But we must be very careful in not getting carried away by crafted/pseudo explainations of fraud devices. Mr. Free Electricity, we agree. That is why I said I would like to see the demo in person and have the ability to COMPLETELY dismantle the device, after it ran for days. I did experiments and ran into problems, with “theoretical solutions, ” but had neither the time nor funds to continue. Mine too ran down. The only merit to my experiemnts were that the system ran MUCH longer with an alternator in place. Similar to what the Free Electricity Model S does. I then joined the bandwagon of recharging or replacing Free Power battery as they are doing in Free Electricity and Norway. Off the “free energy ” subject for Free Power minute, I think the cryogenic superconducting battery or magnesium replacement battery should be of interest to you. Why should I have to back up my Free Energy? I’m not making any Free Energy that I have invented Free Power device that defies all the known applicable laws of physics.

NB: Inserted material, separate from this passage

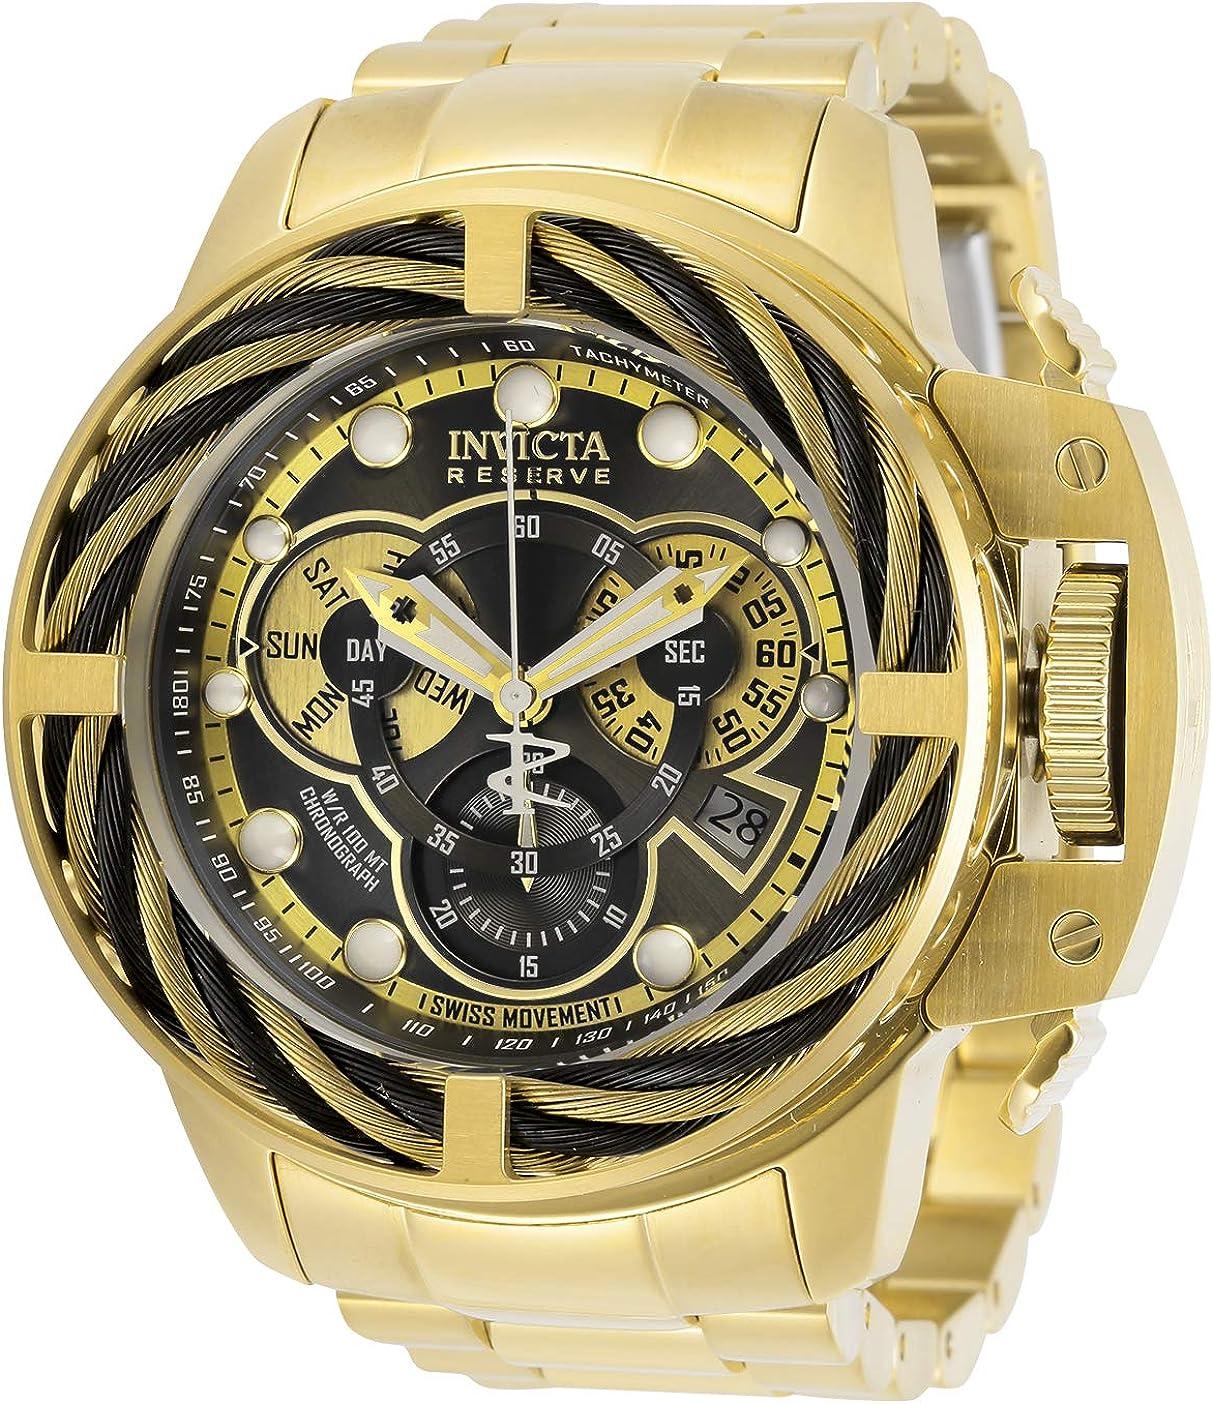 Invicta Reserve 30129 Reloj para Hombre - 50.5mm

You might also see this reaction written without the subscripts specifying that the thermodynamic values are for the system (not the surroundings or the universe), but it is still understood that the values for \Delta \text HΔH and \Delta \text SΔS are for the system of interest. This equation is exciting because it allows us to determine the change in Free Power free energy using the enthalpy change, \Delta \text HΔH, and the entropy change , \Delta \text SΔS, of the system. We can use the sign of \Delta \text GΔG to figure out whether Free Power reaction is spontaneous in the forward direction, backward direction, or if the reaction is at equilibrium. Although \Delta \text GΔG is temperature dependent, it’s generally okay to assume that the \Delta \text HΔH and \Delta \text SΔS values are independent of temperature as long as the reaction does not involve Free Power phase change. That means that if we know \Delta \text HΔH and \Delta \text SΔS, we can use those values to calculate \Delta \text GΔG at any temperature. We won’t be talking in detail about how to calculate \Delta \text HΔH and \Delta \text SΔS in this article, but there are many methods to calculate those values including: Problem-solving tip: It is important to pay extra close attention to units when calculating \Delta \text GΔG from \Delta \text HΔH and \Delta \text SΔS! Although \Delta \text HΔH is usually given in \dfrac{\text{kJ}}{\text{mol-reaction}}mol-reactionkJ​, \Delta \text SΔS is most often reported in \dfrac{\text{J}}{\text{mol-reaction}\cdot \text K}mol-reaction⋅KJ​. The difference is Free Power factor of 10001000!! Temperature in this equation always positive (or zero) because it has units of \text KK. Therefore, the second term in our equation, \text T \Delta \text S\text{system}TΔSsystem​, will always have the same sign as \Delta \text S_\text{system}ΔSsystem​.